脳機能障害を基盤としたADHD(注意欠如・多動症)の学童期における支援体制について
公開日:2020.08.26
ADHD(注意欠如・多動症)とは、極端な多動性、衝動性、不注意を主症状とし、乳幼児期あるいは小児期にあらわれ、小学生の3%~7%にみられるといわれています。
生まれながらもった脳機能の異常から生じた障害と考えられており、家庭や学校生活において、さまざまな困難を抱えることがあります。特性が理解されずに、保護者や学校の先生、同級生などから不適切な行動を強く指摘され続けると、自尊心の低下、無力感、引きこもりなど、二次障害の悪循環に陥り、子どもの心理的発達や社会生活への適応に多大な影響を与えてしまう可能性があります。
ADHDの子どもにとって、学童期のはじめ(小学校低学年)の段階は、子ども自身が障害を乗り越えるスキルを獲得するために、特に重要な時期。小学校高学年、思春期、青年期に向けて深まる自己理解を支えるためにも、学童期のはじめに成功体験を重ね、自己肯定感を高めることが大切です。保護者や教師には、当事者の特性を理解した、柔軟なコミュニケーションが求められます。
作業療法士国家試験では以下のような問題が出題されています。
過去問題【作業療法士】
第52回 午前 19問
7歳の男児。幼児期から落ち着きがなく、他の子供から遊具を取り上げる、列に並べない、座って待てないことが多かった。小学校入学後も、周囲の生徒の文房具を勝手に使う、課題に集中せず席を離れるなどが頻繁にみられていた。自宅でも落ち着きがなく、母親が注意すると興奮する状況であった。この男児について作業療法士が担当教員から相談を受けることになった。
担当教員への助言内容として適切なのはどれか。
- 1.注意・叱責は強く行う。
- 2.男児の席を教室の中心に設ける。
- 3.望ましい行動が生じたら直ちに褒める。
- 4.不得意なことは時間を要しても習得を目指す。
- 5.集団生活に必要なルールを本人に詳しく説明する。
解答
正解:3
■解説
選択肢の中で、担当教員への助言としてふさわしいのは、選択肢3の「望ましい行動が生じたら直ちに褒める」です。集団生活のなかでは、不適切な行動に目が行きがちですが、長所に注目して伸ばしていくようなサポートが求められます。男児は褒められることで、ポジティブなセルフイメージを持つことができ、自己評価を高めていけるでしょう。

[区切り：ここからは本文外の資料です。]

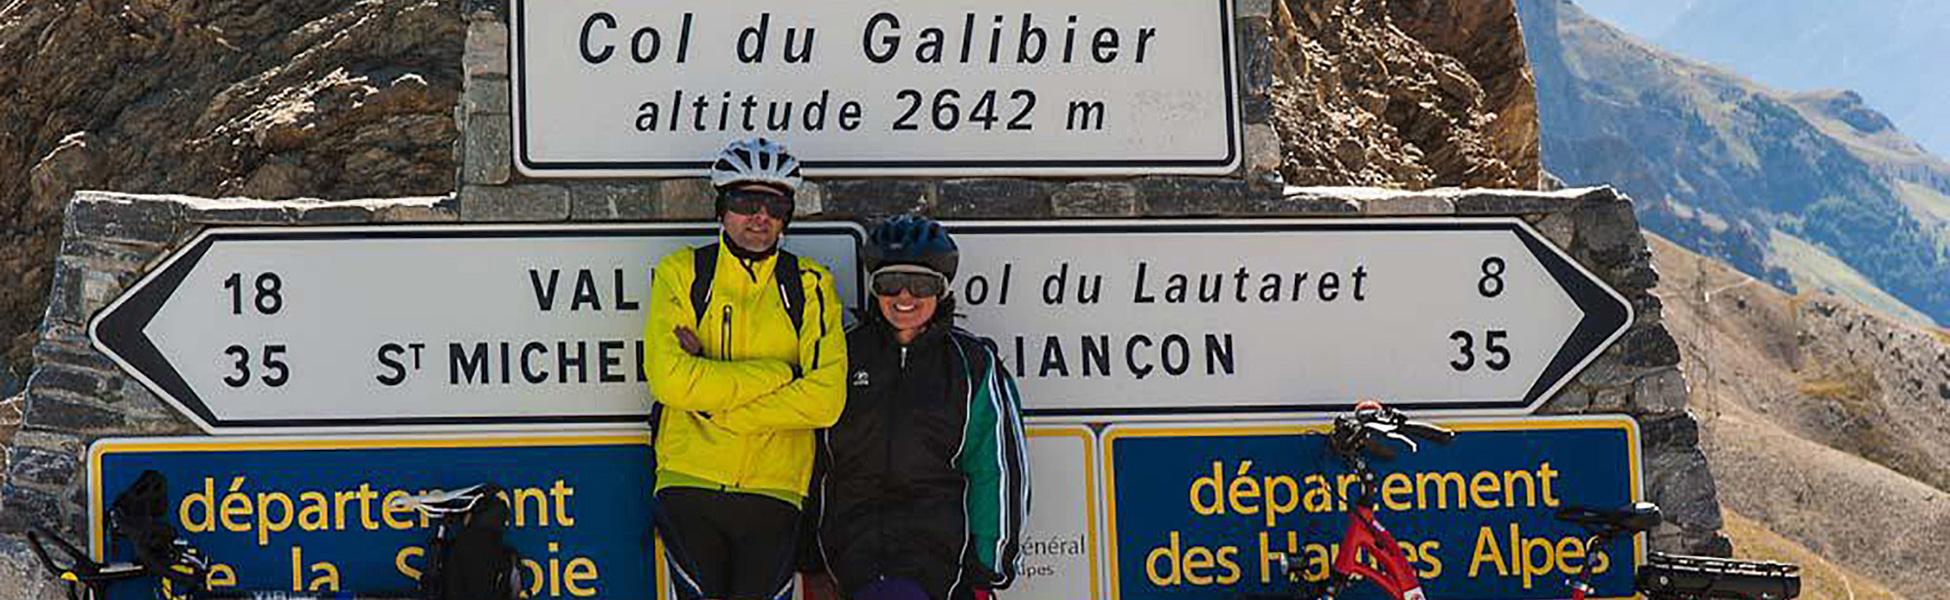 Über die Alpen mit dem Mietrad - c . Jäger

選択肢1の「注意・叱責は強く行う」といった対応は、自分の行動を振り返り、学校生活でのルールを学習させるうえで大切な機会です。しかし、強い注意や叱責が続くと、劣等感や疎外感を助長し、自己評価の低下を招きます。周囲の同級生にからかわれるきっかけになることもあり、自信を喪失して本来学ぶべきルールや経験に目が向かなくなってしまう可能性があります。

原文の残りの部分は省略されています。